Bundesbank president wary of central banks issuing digital currency

The head of Germany’s central bank, Jens Weidmann, has warned against introducing a digital central bank currency without properly considering the consequences of such a move.

“I don’t believe in always calling in the state. In a market economy, it’s first and foremost up to the companies to develop an appropriate offer that meets customer’s wishes,” Weidmann told the Friday edition of the Handelsblatt business daily.

He was reacting to the debate over whether central banks such as the Bundesbank or European Central Bank should create their own answer to digital currencies such as Bitcoin or Facebook’s planned Libra.

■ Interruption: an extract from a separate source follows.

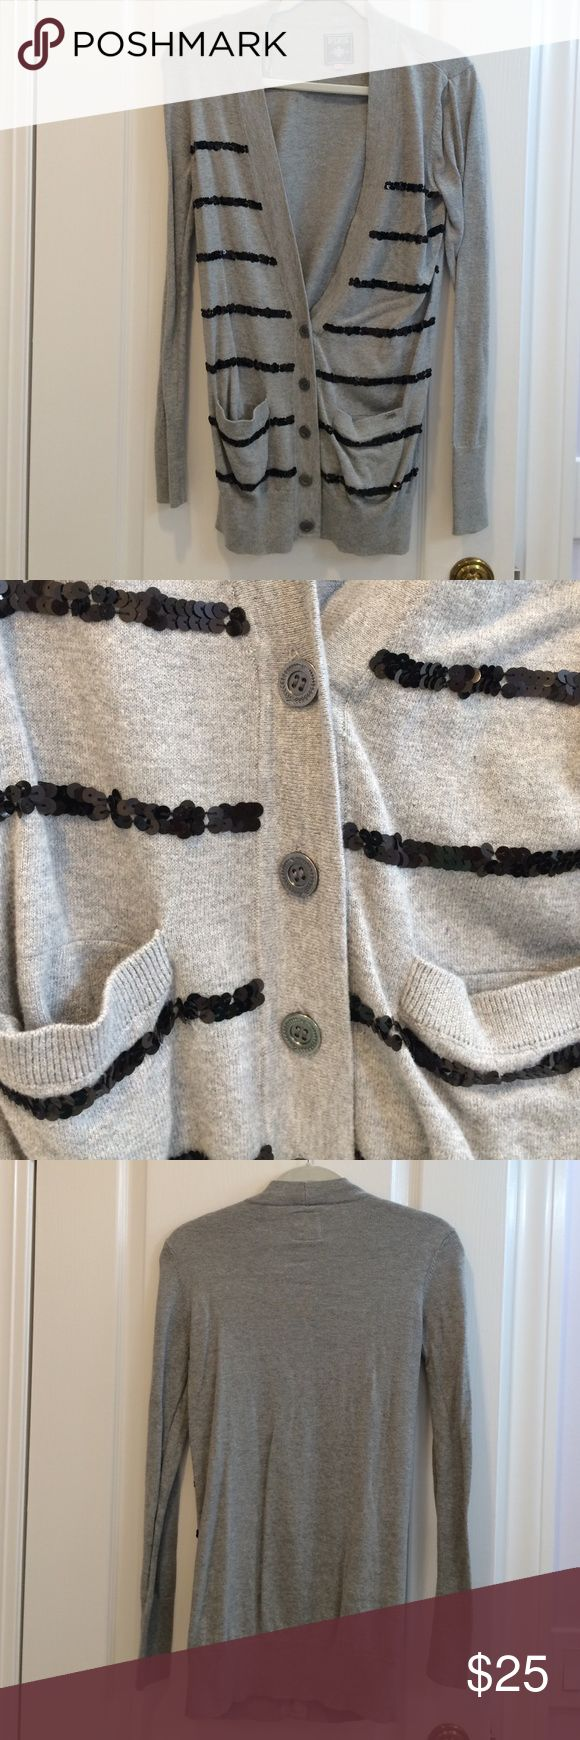 NWOT Pink VS Cardigan. Gray with black sequins. Never worn. Long v neckline. 100% cotton. Machine wash. PINK Victoria's Secret Sweaters Cardigans

“First of all, it’s important to understand the positive and negative sides of a digital central bank currency. Then it can be decided whether it is needed, and whether the risks can be controlled,” he said.

ECB President Christine Lagarde has called the emergence of digital currencies a challenge, and said in September that the question was whether central banks should issue them. Lagarde wants a thorough strategy review, which is set to begin in January, at the bank.

Weidmann believes in the effects of competition between banks: “For example, the credit industry’s initiative to offer a better, Europe-wide payment system was prompted due to new competitors.”

Banks, said Weidmann, would have to counter Facebook’s plans with their own efforts.

Since the announcement of Libra, Facebook has repeatedly come up against regulator and government concerns that, given the social media platform’s huge user base, with 2.4 billion active monthly users, Libra could threaten national currency sovereignty and cause major financial market disruption.